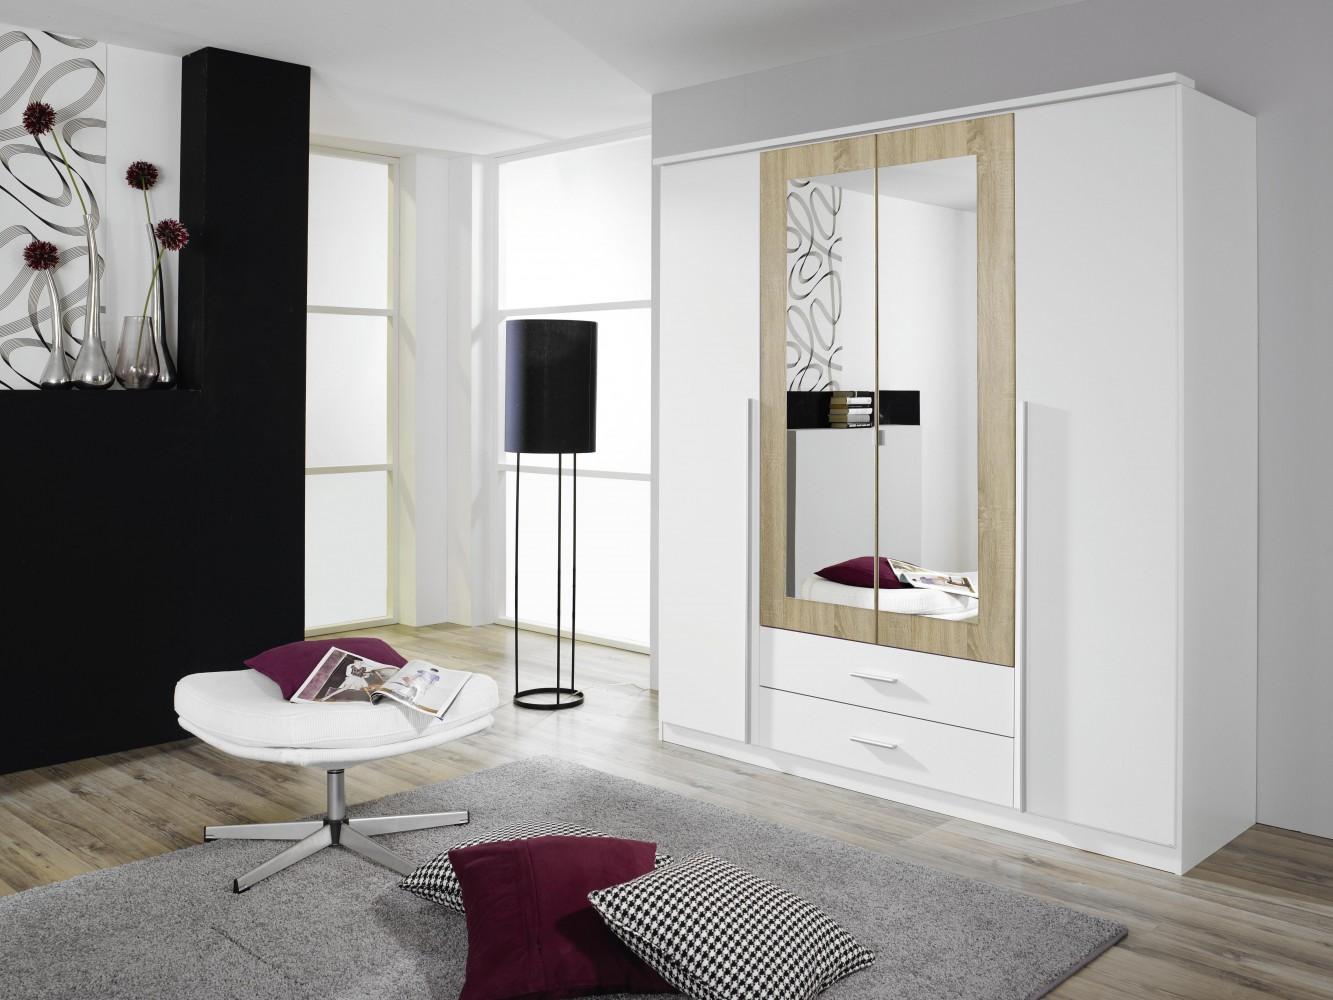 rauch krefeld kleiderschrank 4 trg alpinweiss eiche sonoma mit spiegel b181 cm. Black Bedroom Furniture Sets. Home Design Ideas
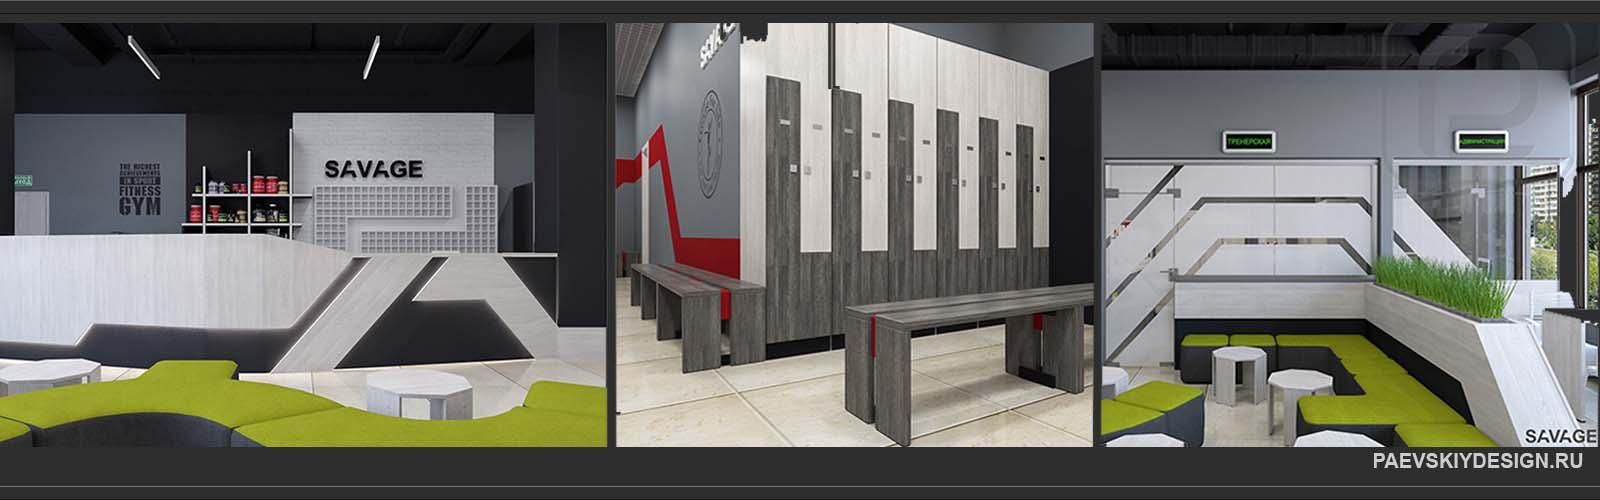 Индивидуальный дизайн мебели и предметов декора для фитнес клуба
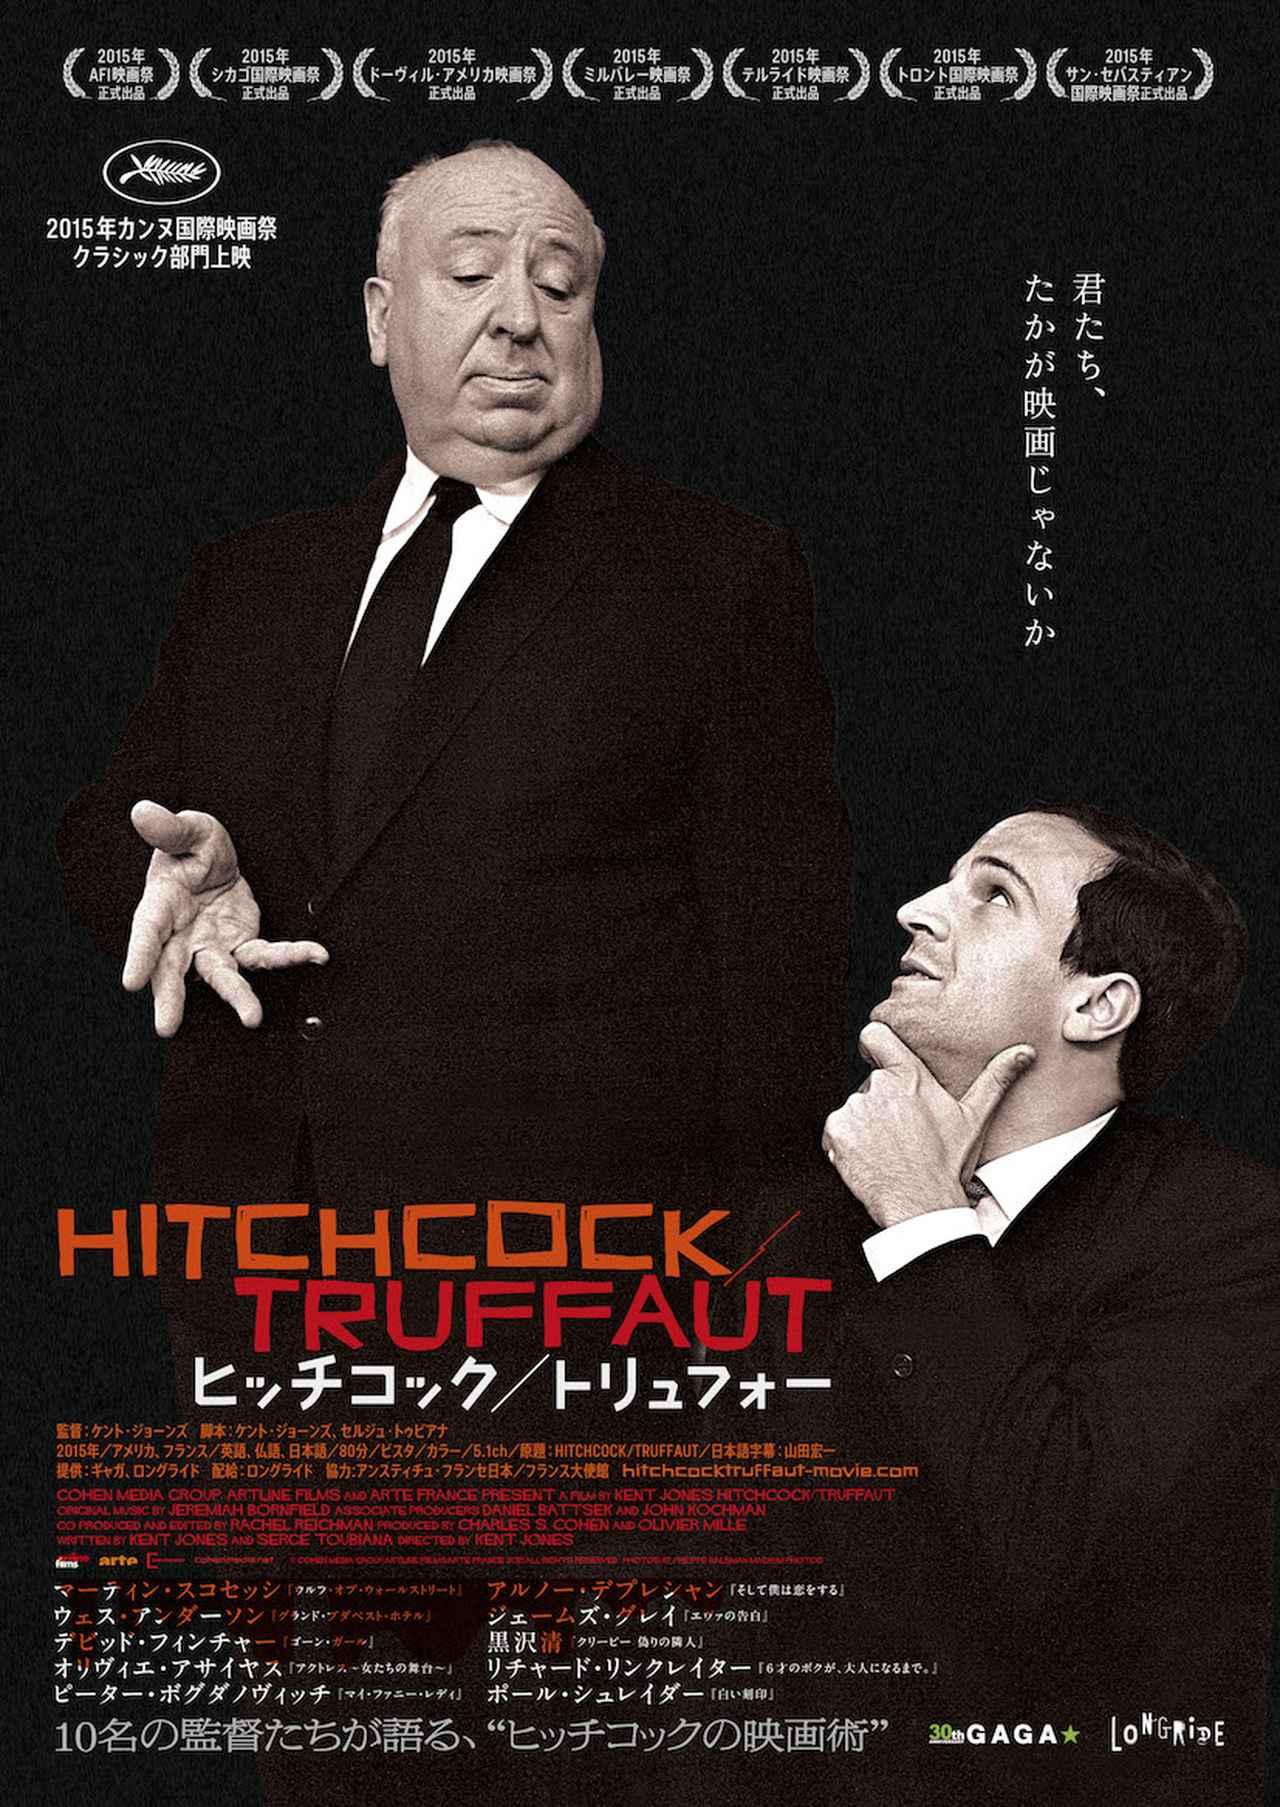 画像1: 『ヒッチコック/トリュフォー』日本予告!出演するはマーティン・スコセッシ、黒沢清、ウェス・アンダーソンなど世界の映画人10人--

What the task asks
Where images occur in the data above, leave them out and repeat everything else exactly.

Written answer
 rauch krefeld kleiderschrank 4 trg alpinweiss eiche sonoma mit spiegel b181 cm. Black Bedroom Furniture Sets. Home Design Ideas
 Индивидуальный дизайн мебели и предметов декора для фитнес клуба
 画像1: 『ヒッチコック/トリュフォー』日本予告!出演するはマーティン・スコセッシ、黒沢清、ウェス・アンダーソンなど世界の映画人10人--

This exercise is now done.